# iJoy Capo 100w Squonk



## KrayFish404 (26/10/17)

Any ideas when the local vendors will get stock? 

Really liking the idea of this one, it should be relatively cheap as well, I see they are anything between $33 and $42.

Just please remember to get some spare bottles as well.

Reactions: Like 1 | Can relate 1


----------



## BumbleBee (26/10/17)

KrayFish404 said:


> Any ideas when the local vendors will get stock?
> 
> Really liking the idea of this one, it should be relatively cheap as well, I see they are anything between $33 and $42.
> 
> Just please remember to get some spare bottles as well.
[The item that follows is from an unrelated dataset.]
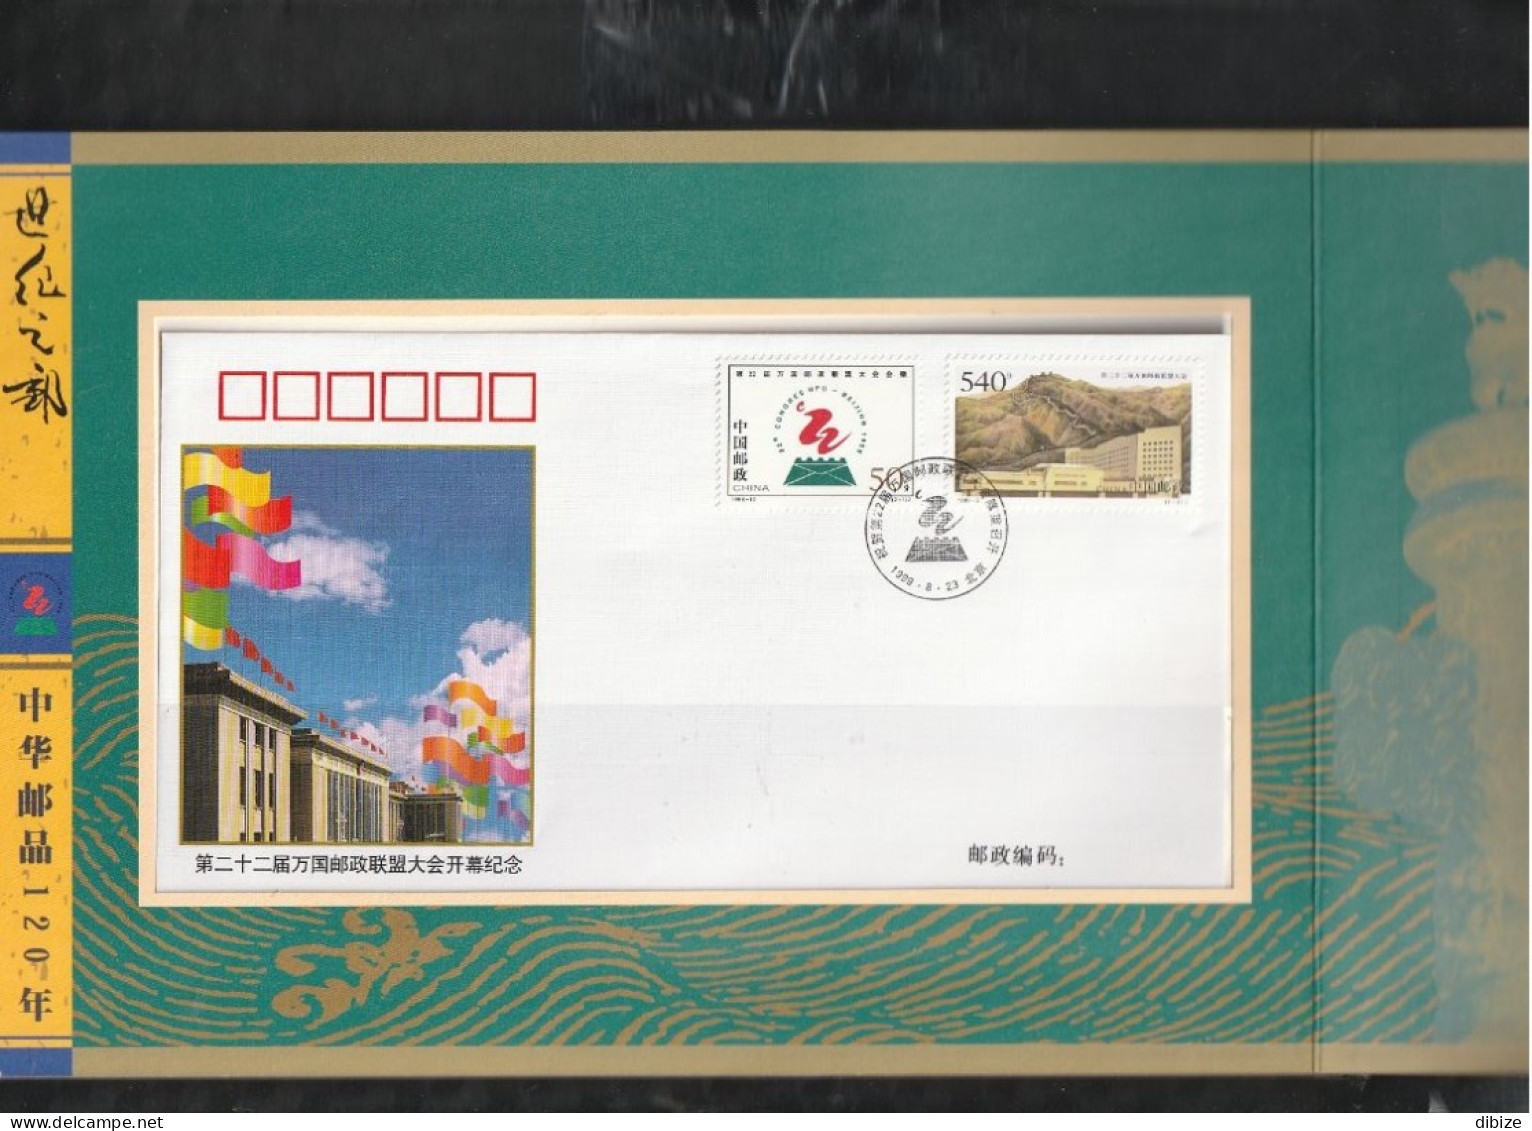 Chine. Un siècle d'histoire postale de la Chine. FDC + 2 DVDs.

I also patiently waiting for the release, these are going to be cool

Reactions: Like 1 | Agree 3


----------



## KZOR (26/10/17)

I had pre-ordered one 4 weeks ago and the Chinese vendor sent me a email this morning saying that they will only get them from the supplier around 7 November so I reckon local vendors should be getting them in from the 10th November onwards.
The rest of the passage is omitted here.